Your Meltano project

These are settings specific to your Meltano project.

python

The python version to use for plugins, specified as a path, or as the name of an executable to find within a directory in $PATH.

If not specified, the python executable that was used to run Meltano will be used (within a separate virtual environment).

This can be overridden on a per-plugin basis by setting the python property for the plugin.

This setting only applies when creating new virtual environments. If you've already created a virtual environment and you'd like to use a new Python version for it, you'll need to delete it from within .meltano/, then run meltano install for that plugin again.

This setting only applies to base plugins, which have their own virtual environment. Inherited plugins necessarily use the same virtual environment (and thus, the Python version) as their base plugin.

send_anonymous_usage_stats

Meltano is open source software thats free for anyone to use. The best thing a user could do to give back to the community, aside from contributing code or reporting issues, is contribute anonymous usage stats to allow the maintainers to understand how features are being utilized ultimately helping the community build a better product.

By default, Meltano shares anonymous usage data with the Meltano team using Snowplow. We use this data to learn about the size of our user base and the specific Meltano features they are using, which helps us determine the highest impact changes we can make in each release to make Meltano even more useful for you and others like you.

We also provide some of this data back to the community via MeltanoHub to help users understand the overall usage of plugins within Meltano.

If enabled, Meltano will use the value of the project_id setting to uniquely identify your project. If the project ID is a UUID, then it will be sent unchanged.
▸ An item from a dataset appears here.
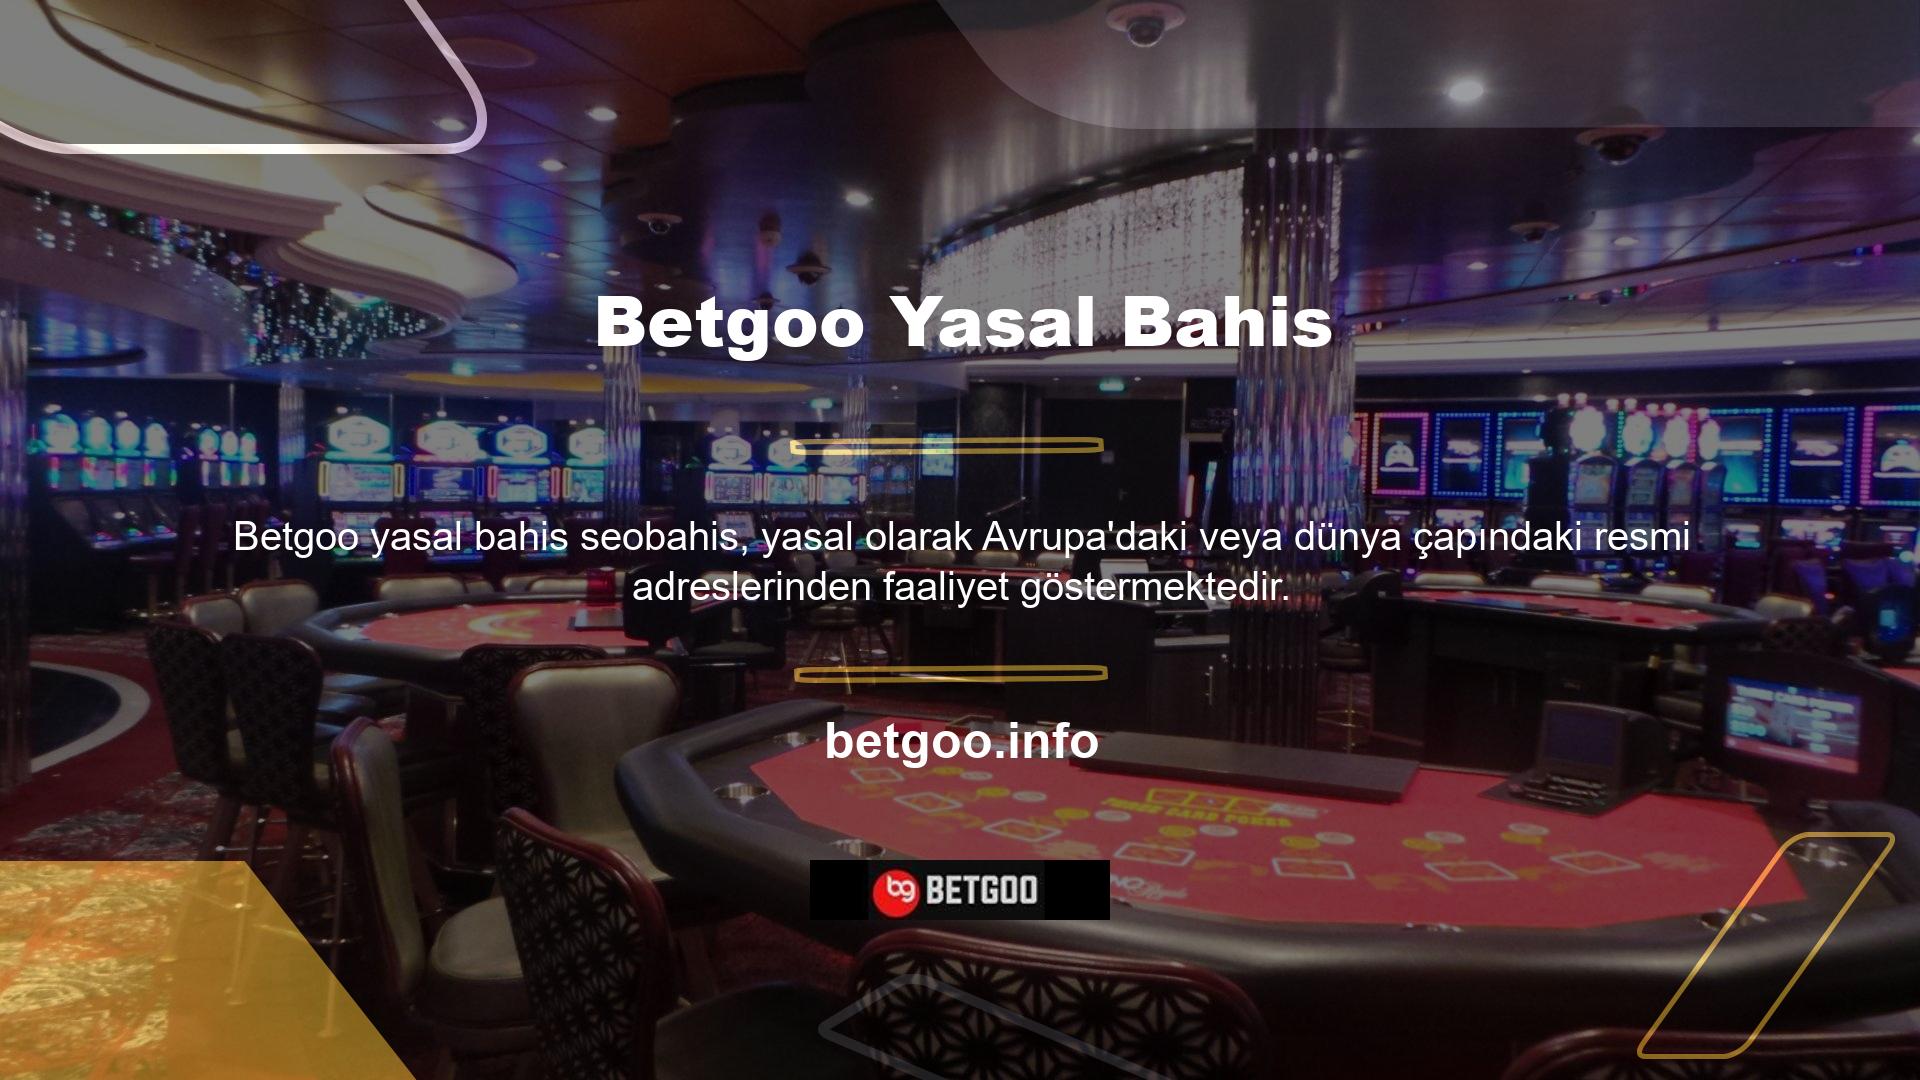 Türkiye'de özel şirketler tarafından oynanan casinonun yasa dışı olduğu bilinmektedir

Otherwise, it will be hashed, and its hash will be used to derive a UUID which will be used to uniquely identify your project.

This project ID is also sent along when Meltano requests available plugins from the URLs identified by the hub_url.
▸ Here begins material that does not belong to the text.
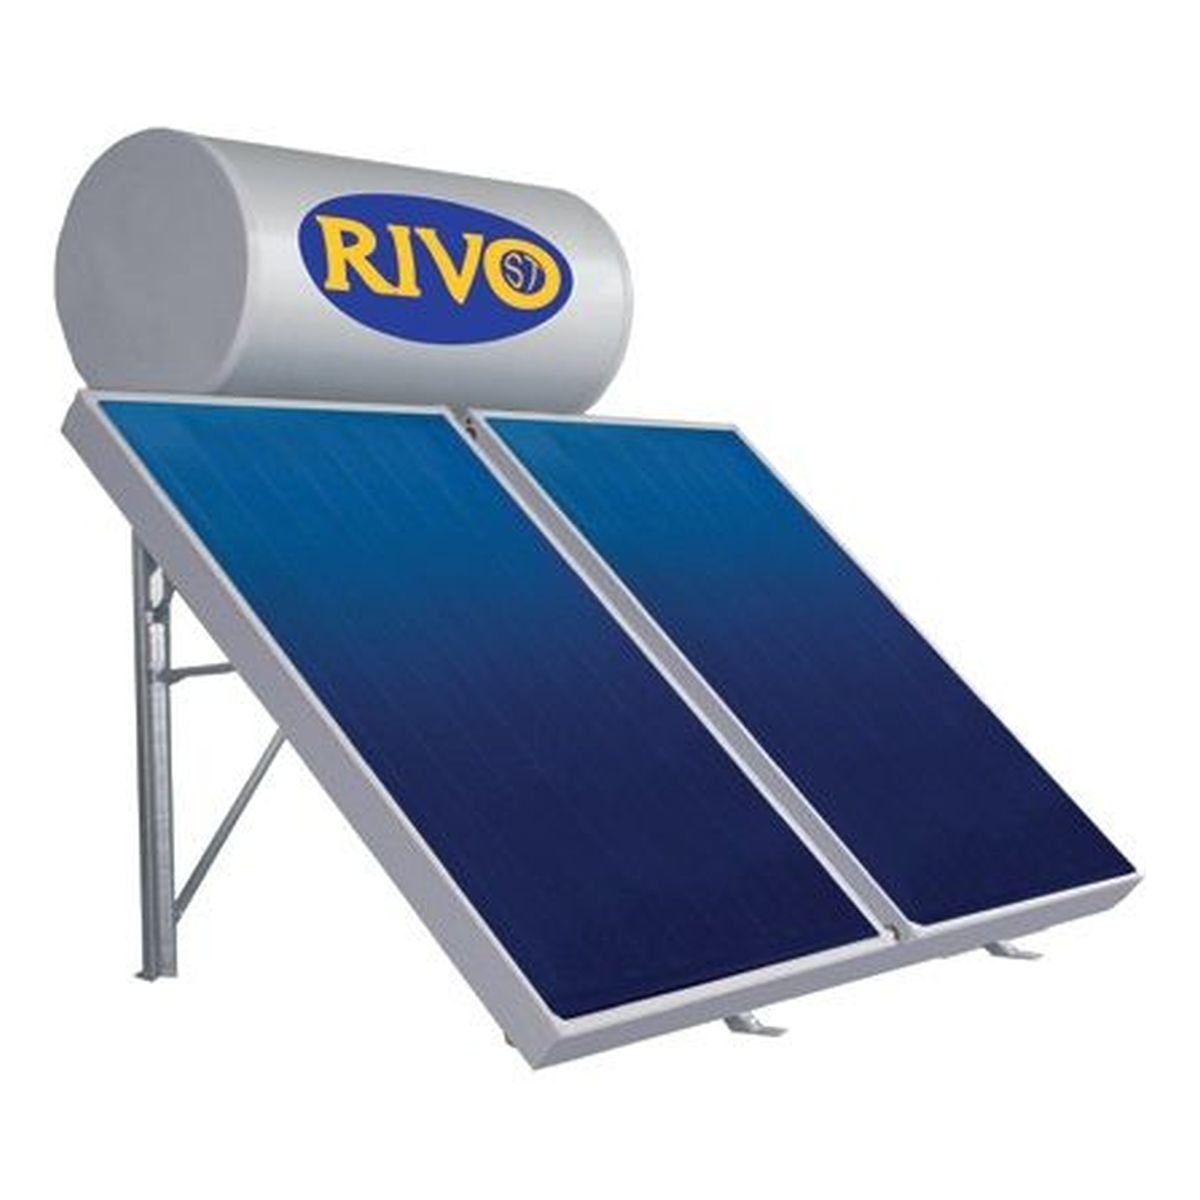 Ηλιακός Glass ΙΙ STK150S 1x2,40m2 Kεραμοσκεπής 44.1.15024Κ RIVO

If you'd like to send the tracking data to a different Snowplow account than the one run by the Meltano team, the collector endpoints can be configured using the snowplow.collector_endpoints setting.

See more about our anonymization standards and anonymous usage stats Q&A below for more details. Also refer to the Meltano data team handbook page for our "Philosophy of Telemetry".
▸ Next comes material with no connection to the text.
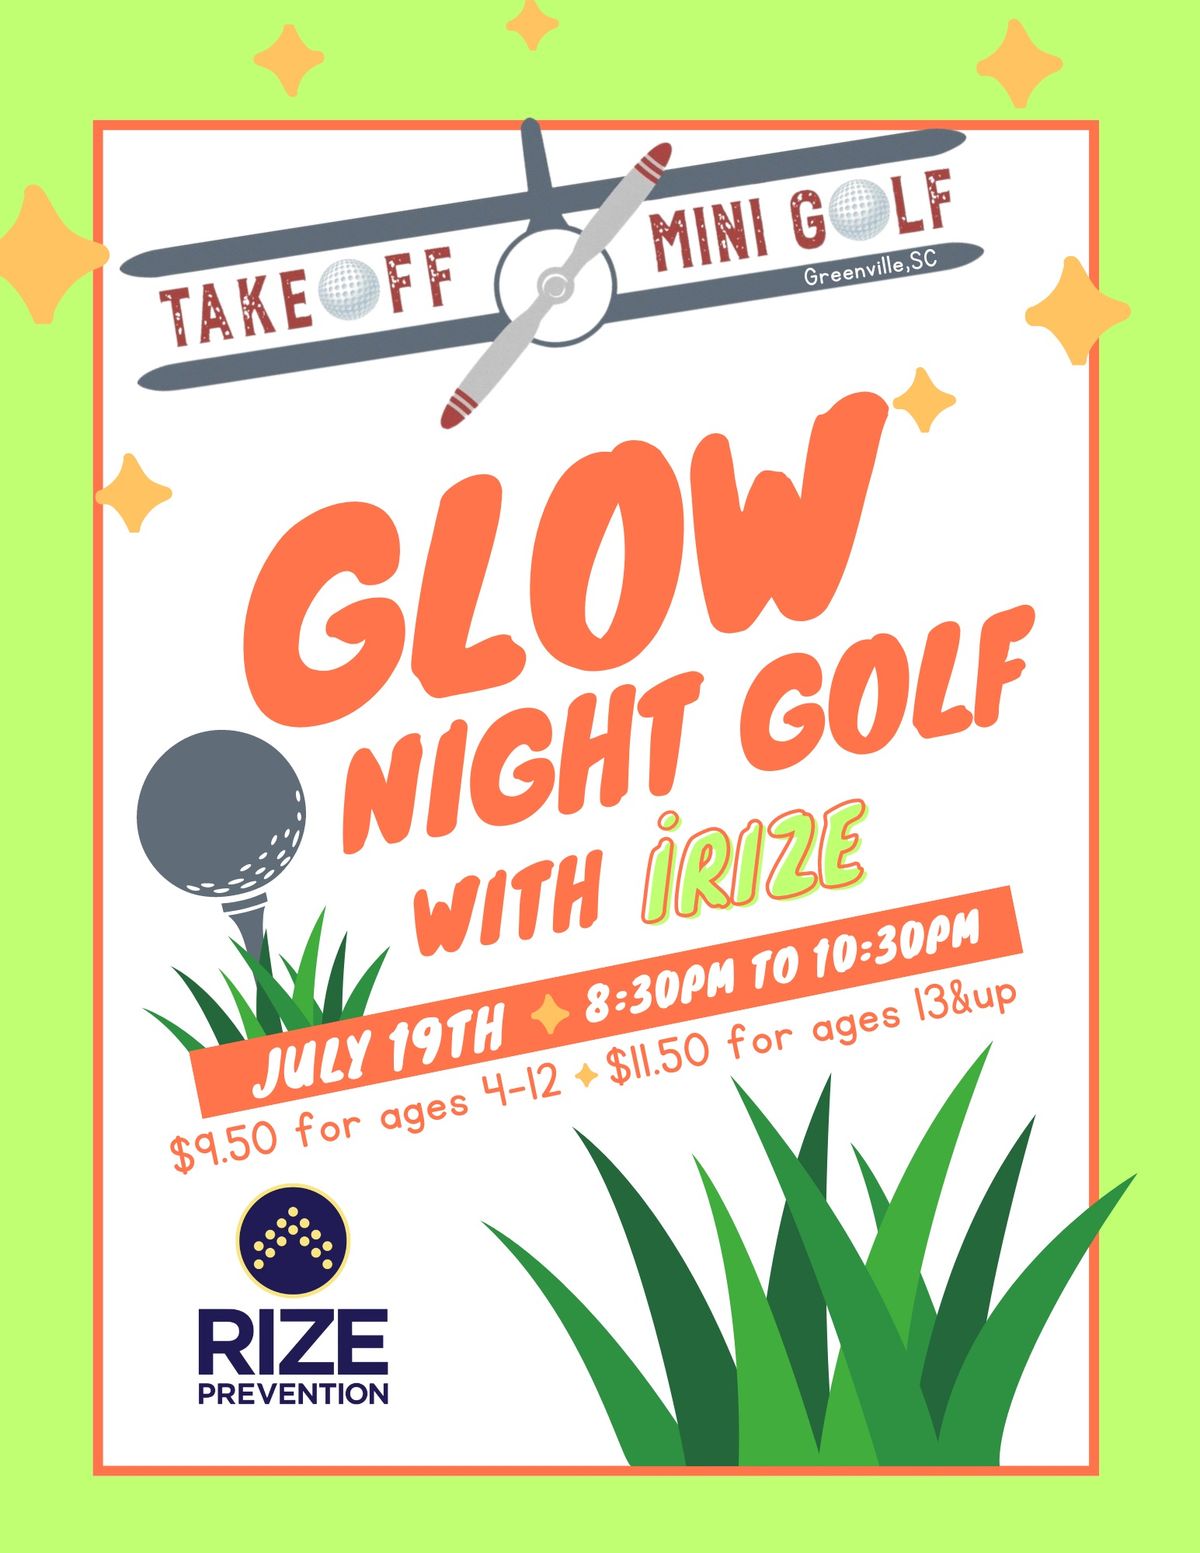 Glow Night Golf with iRIZE

With all that said, if you'd still prefer to use Meltano without sending the maintainers this kind of data, you're able to disable tracking entirely using one of these methods:

  • When creating a new project, pass --no-usage-stats to meltano init
  • In an existing project, set the send_anonymous_usage_stats setting to false
  • To disable tracking in all projects in one go, set the MELTANO_SEND_ANONYMOUS_USAGE_STATS environment variable to false

How to use

meltano config meltano set send_anonymous_usage_stats false

Anonymization Standards

Unless otherwise approved, any user-entered data is anonymized client-side before being submitted to Meltano. This section describes which data is sent in clear text and which data is obfuscated via one-way hashing.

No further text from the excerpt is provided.